Настоящий сухой отчет о ранней, слишком ранней любви Вана Вина к Аде Вин не дает нам ни места, ни повода для метафизических отступлений. И все же стоит отметить (пока, ритмично пульсируя, летят люциферы и почти в том же ритме ухает в близком парке сова), что Ван, в ту пору еще не вкусивший вполне «терзания Террой» – которое он, анализируя муки своей дорогой, незабвенной Аквы, неуверенно относил к пагубным пунктикам и популярным причудам, – даже тогда, в четырнадцать лет, сознавал, что в древних мифах, усилием собственной воли наделивших услужливым бытием мешанину миров (не важно, насколько таинственных и тупоумных), расположив таковые в недрах серого вещества удушаемого звездами неба, в мифах этих, быть может, и теплится светлячок странной истины. Ночи, проводимые им в гамаке (где тот, другой горемычный юноша, прокляв свой кровавый кашель, вновь погружался в исподволь зарастающие черной накипью сны, в содомскую симфонию символов сада, толкуемых ему преуспевающими докторами), изнуряли Вана не столько агонией влечения к Аде, сколько бессмысленным пространством над ним, под ним и повсюду, демоническим двойником богоравного времени, звенящего вокруг него и внутри, – этому звону еще предстояло аукнуться (по счастию, чуть осмысленней) в последние ночи жизни, о которой, любовь моя, я ничуть не жалею.

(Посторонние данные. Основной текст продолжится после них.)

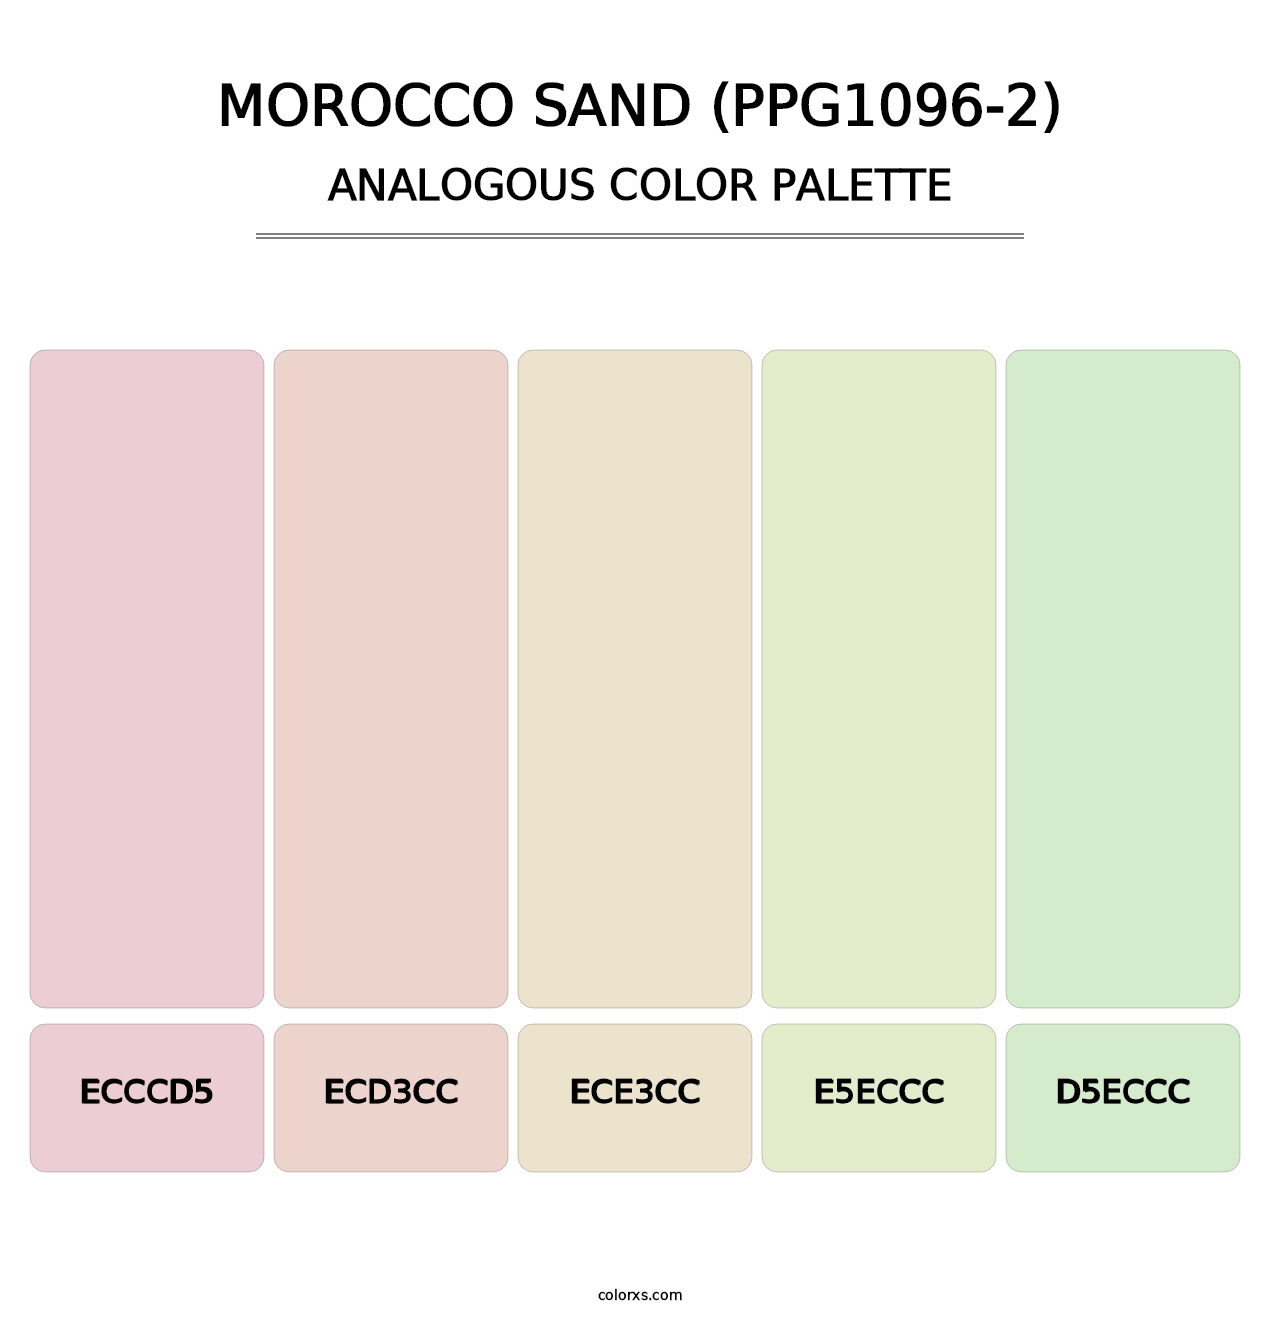 Morocco Sand (PPG1096-2) - Analogous Color Palette

Он засыпал, едва придя к заключению, что больше уж никогда не заснет, и видел юношеские сны. И как только первое пламя дня дорывалось до его гамака, он просыпался – совсем иным человеком (мужчиной, чему имелись увесистые доказательства). «Ada, our ardors and arbors», – пел в его разуме дактилический триметр, коему предстояло остаться единственным вкладом Вана Вина в англо-американскую поэзию. Слава скворцу и к дьяволу звездную пыль! Ему четырнадцать с половиною лет; он полон пыла и сил; настанет день, и он яростно ею овладеет!
Одно из таких зеленых воскрешений он смог, проигрывая прошлое, восстановить в подробностях. Натянув плавки, затиснув в них и умяв всю заковыристую, неподатливую множественную машинерию, он выпал из своего гнезда и пошел взглянуть, ожила ли уже ее сторона дома. Ожила. Он приметил блеск хрусталя, цветную искорку. В одиночестве, на принадлежащем ей балконе, она расправлялась с sa petite collation du matin. Ван отыскал сандальи – с жуком в одной и лепестком в другой – и через кладовку с инструментом проник в прохладный дом.